5. Device health check

gcipuinfo contains a “device health check” function, which allows a monitoring system to rapidly detect when any of the configured IPUs or IPU-Machines are non-functional and should be taken out of use. This mechanism is not intended to provide detailed diagnostic information, it is concerned only with identifying which devices have failed.

The types of failure detected include:

  • Network misconfiguration, preventing a Poplar server from communicating with an IPU-Machine.

  • Hardware failure of an IPU, an RNIC, or another component of an IPU-Machine.

The API for the device health check is a single function gcipuinfo::checkHealthOfDevices() that returns a JSON string. If no problems were detected, this will be an empty object "{}", otherwise it will list the failing IPUs. If the health check failed to run, a description of the error will be returned. A monitoring system would continually call this function to poll for failures.

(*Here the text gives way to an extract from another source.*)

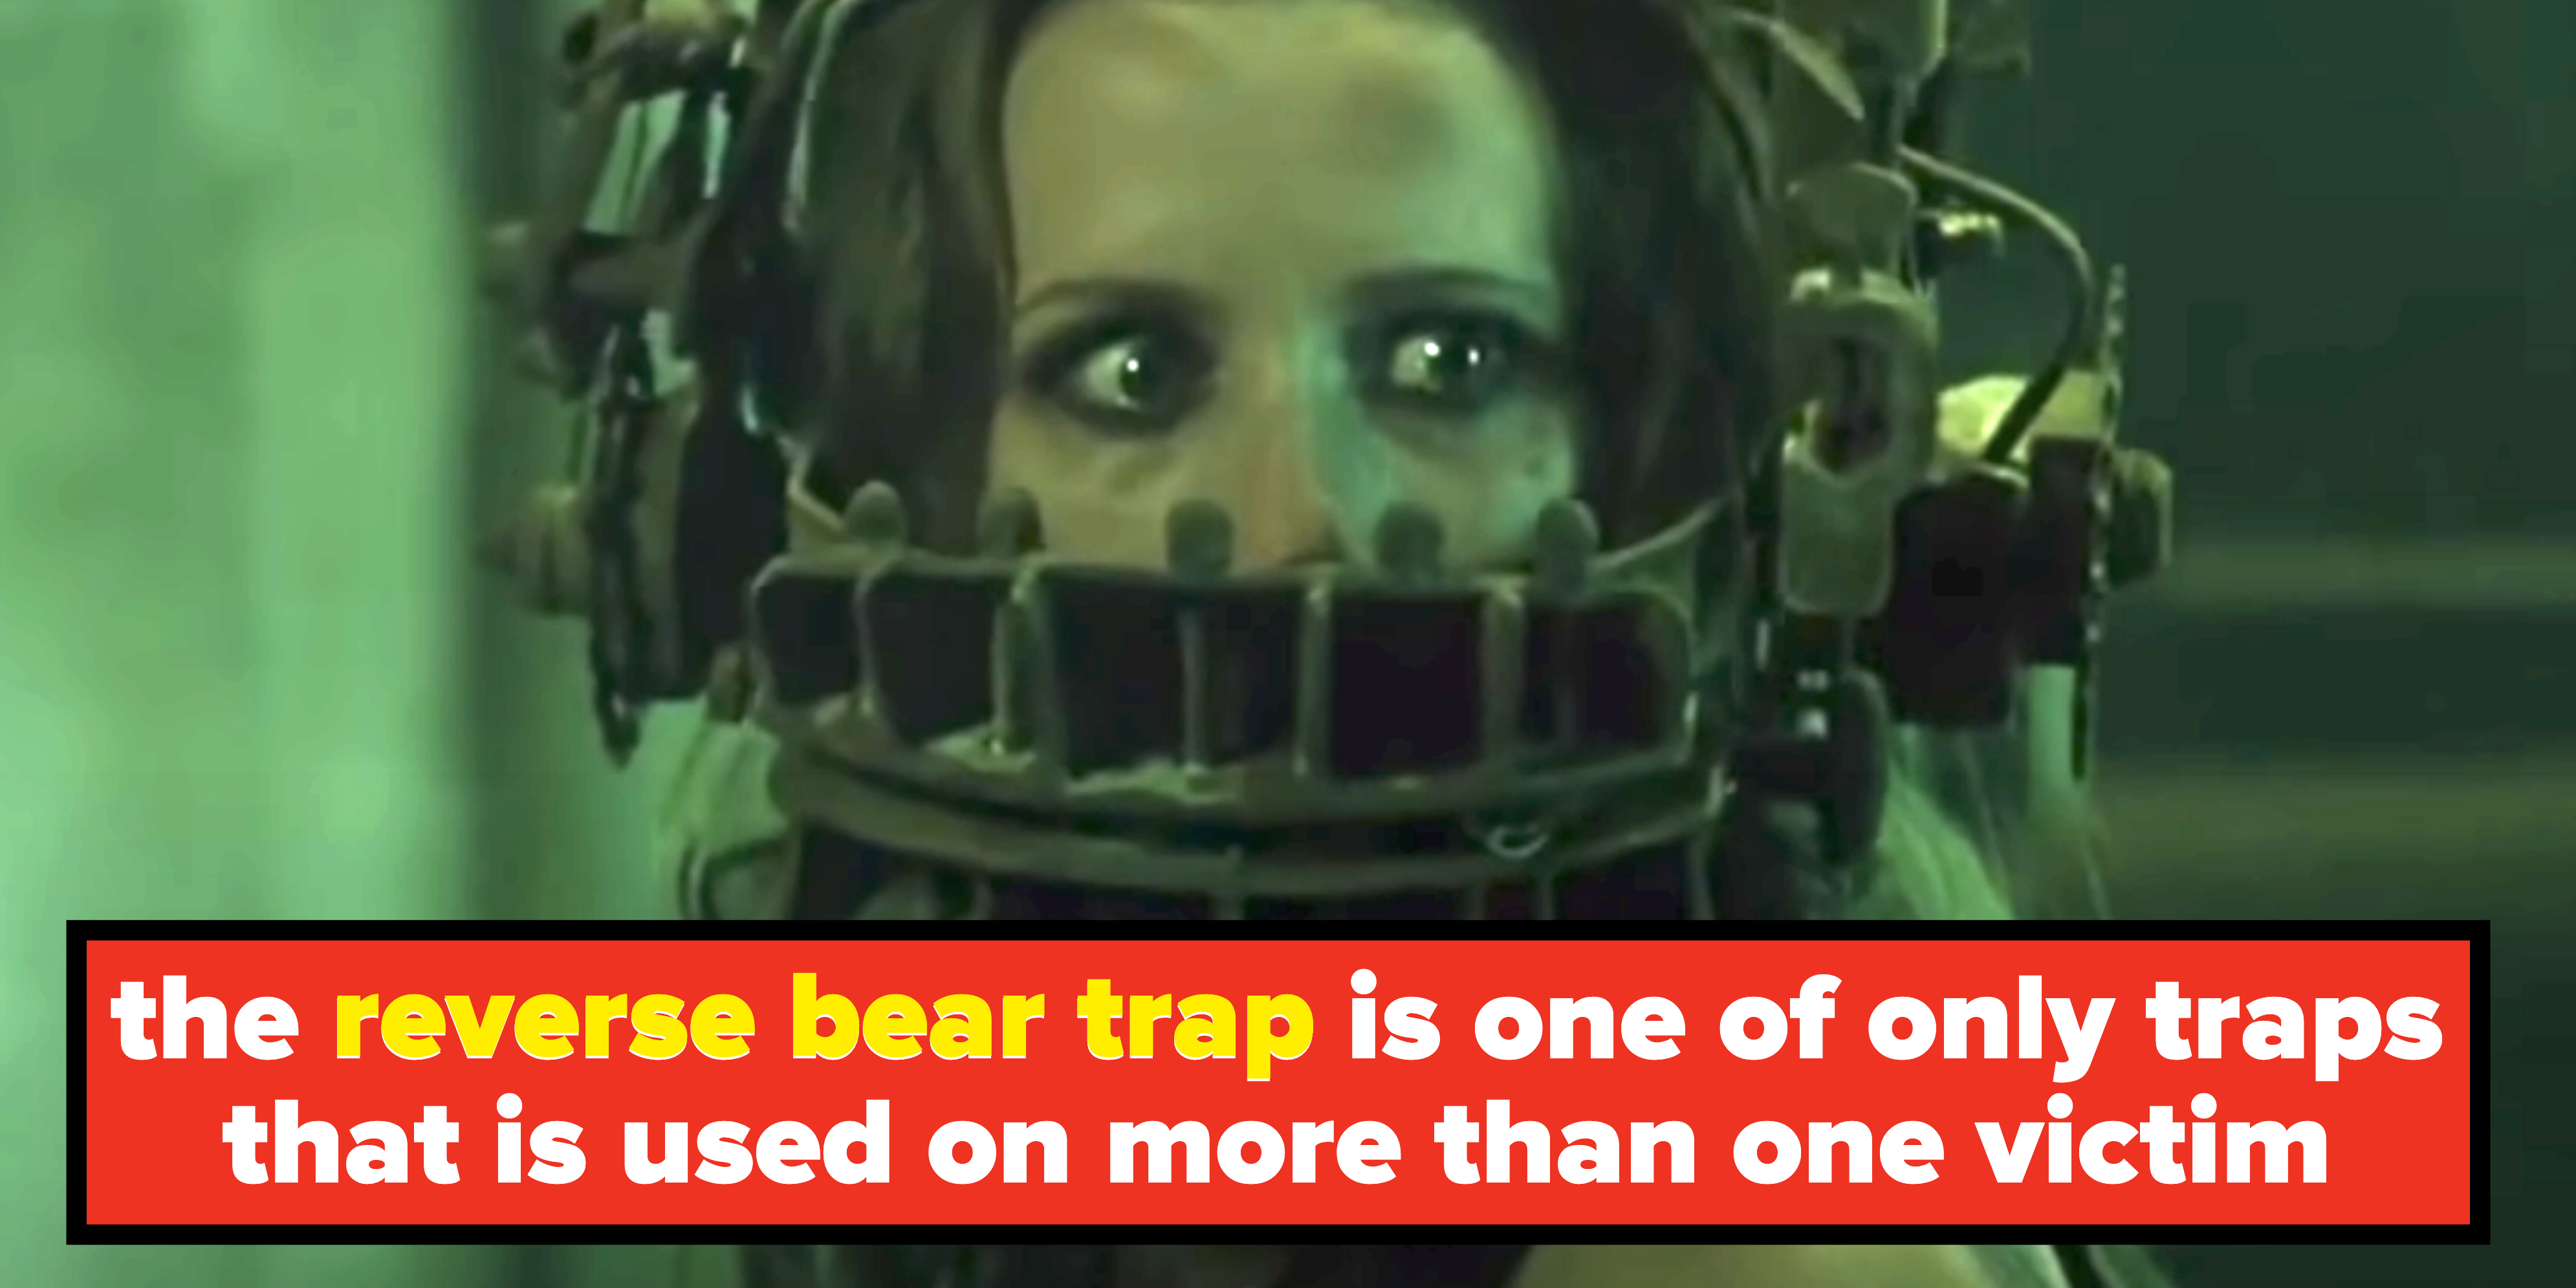 Every Trap in 'Saw' History, Ranked by Chances of Survival - The

By default, gcipuinfo will only check devices in the currently active partition. You can configure gcipuinfo to run health checks on devices in other partitions, by supplying DiscoverAllPartitionIPUs as the discoveryMode argument of the gcipuinfo::gcipuinfo() object constructor. This is demonstrated in the gc_health_check example program.

Note

It is not possible to use both DiscoverAllPartitionIPUs and DiscoverActivePartitionIPUs modes in the same process.

Note

Information about available partitions is only retrieved once, at program start up. If partitions are added or removed any monitoring programs will need to be restarted to obtain updated partition information.

5.1. Health check results

Example JSON health check report with two failing IPUs in partition p1 on IPU-Machine 10.1.5.10:

{
  "hosts": {
    "10.1.5.10": [
      {
        "error": "device",
        "id": "2",
        "partition": "p1",
        "board ipu index": "1"
      },
      {
        "error": "connection",
        "id": "3",
        "partition": "p1",
        "board ipu index": "0"
      }
    ]
  }
}

Device ID 2 has failed due to a “device” error, which may suggest a hardware or device driver problem. Device ID 3 has failed due to a “connection” error, which may indicate a network problem or a disabled IPUoF server.

Example JSON report where the health check failed to run:

{
  "description": "configuration error\n",
  "error": "no devices found"
}

In this case the health check could not be run because no IPU devices were found. The description shows that this is due to a problem with the configuration, for example a partition may not be set up.